Not their manager. Not a business analyst who documented their process. The actual person who does the work every day.

I have built tools based on process documentation that was technically correct and practically useless. The documentation described the official process. The person who does the work follows a modified process they have optimized over years of experience. The modifications are not documented because they seem like common sense to the person doing the work.

When you build the tool with the practitioner in the room, they tell you things the documentation does not contain. "Oh, we do not actually do it that way. We skip that step because it does not apply to 90% of cases." "The form says to check both databases, but the second one has not been updated since 2019, so I only check the first one." "That field is technically required but I always leave it blank because the next step overwrites it anyway."

These details determine whether the tool works in practice or only in theory.

Rule 2: Build the tool that saves 30 minutes, not the tool that saves 30 hours.

The tool that saves 30 minutes is small enough to build quickly, specific enough to test immediately, and modest enough that nobody expects it to transform the organization. It just works, quietly, every day.

The tool that saves 30 hours is ambitious. It requires months of development, integration with multiple systems, buy-in from multiple stakeholders, and a change management process. It might save 30 hours when it is done. It might also never ship because the scope expanded, the requirements changed, or the stakeholders could not agree on priorities.
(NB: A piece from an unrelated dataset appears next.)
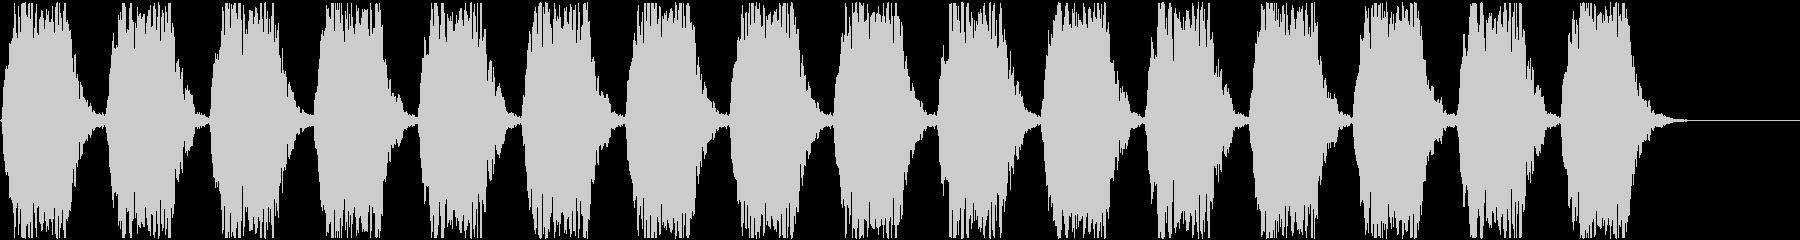 警報アラーム音(中bpm58)ルーム残響の未再生の波形

I have shipped 15 tools that each save 30 minutes. Together, they save 7.5 hours per day. I could not have shipped one tool that saves 7.5 hours per day because the complexity would have been unmanageable.
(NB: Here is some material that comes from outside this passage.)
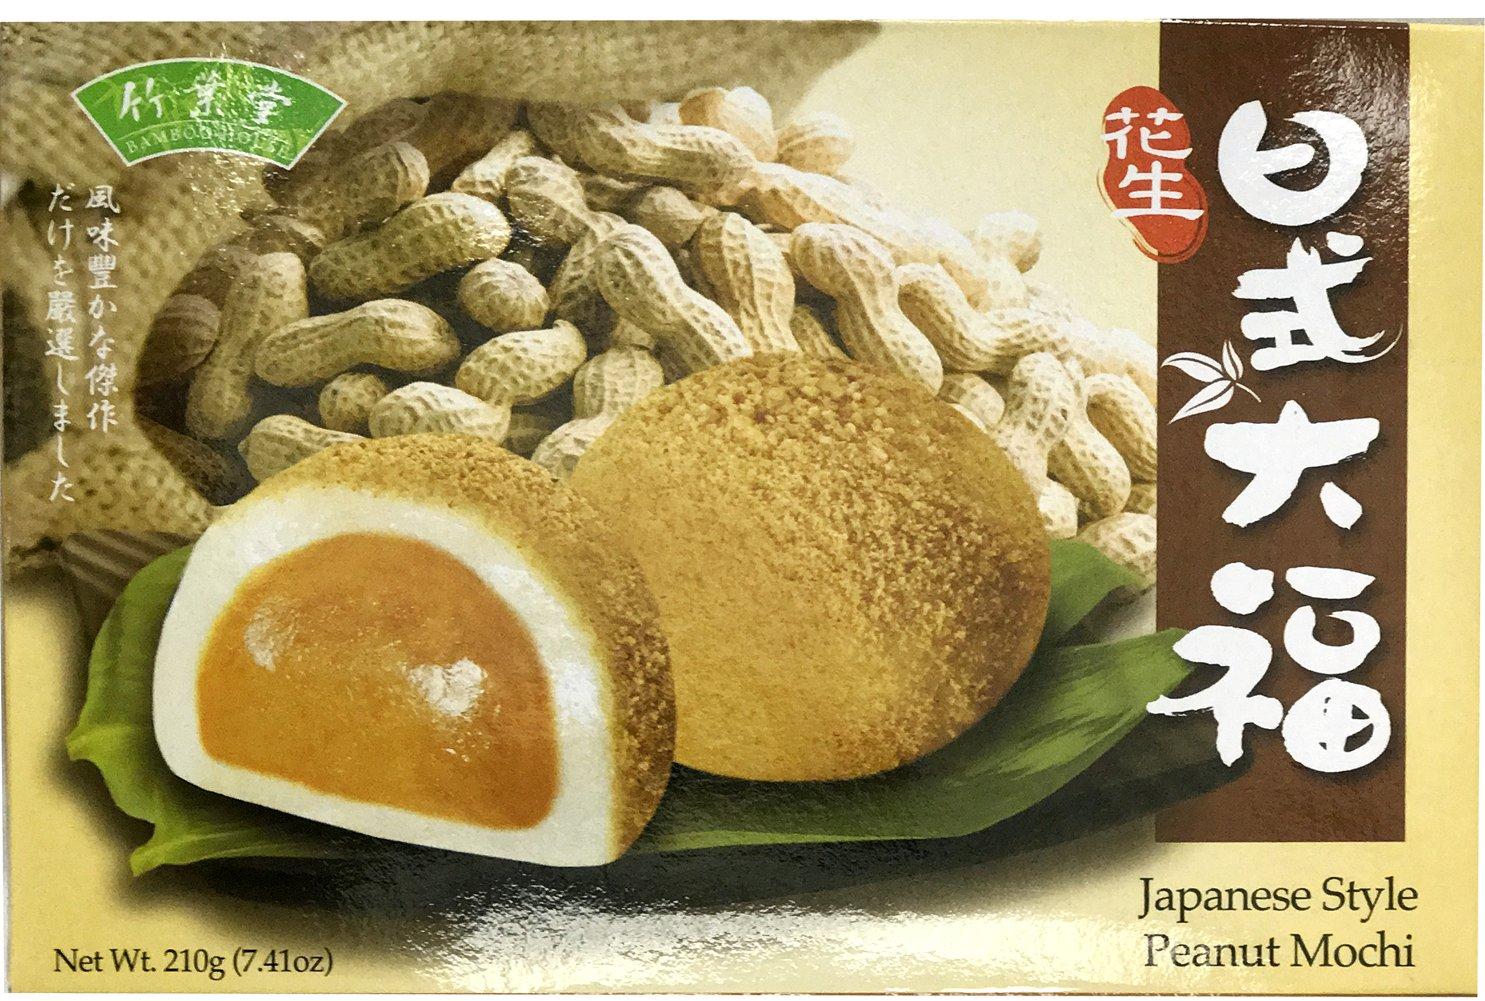 Bamboo House Japanese Style Mochi Peanut 7.41 Oz

Rule 3: The governance file is not optional and it is not an afterthought.

Every project gets a CLAUDE.md file before any code is written. The governance decisions — what data the tool can access, what it cannot do, who reviews its output, how errors are handled — are made first because they constrain the design.

When governance comes after the build, it restricts a tool that was built without constraints. This creates friction because the tool has to be modified to comply with rules that were not considered during design. When governance comes before the build, it shapes a tool that is inherently compliant. No retrofitting required.

Rule 4: If you cannot explain the tool's behavior in one sentence, the tool is too complex.

"This tool reads incoming invoices, extracts line items, and matches them against purchase orders." One sentence. Clear. Testable. Anyone can understand what the tool does and verify whether it is doing it correctly.

"This tool leverages AI to optimize our accounts payable workflow through intelligent document processing, automated matching, exception handling, approval routing, and predictive analytics." That is a marketing sentence, not an explanation. The tool described by the second sentence will take six months to build, will do none of those things well, and will be abandoned within a year.

Every tool I have built that lasted was explainable in one sentence. Every tool I have built that was abandoned required a paragraph.

Rule 5: Demo on real data or do not demo at all.

When I show a client what the tool does, I use their actual data. Their real invoices. Their real patient records (de-identified if necessary). Their real customer emails.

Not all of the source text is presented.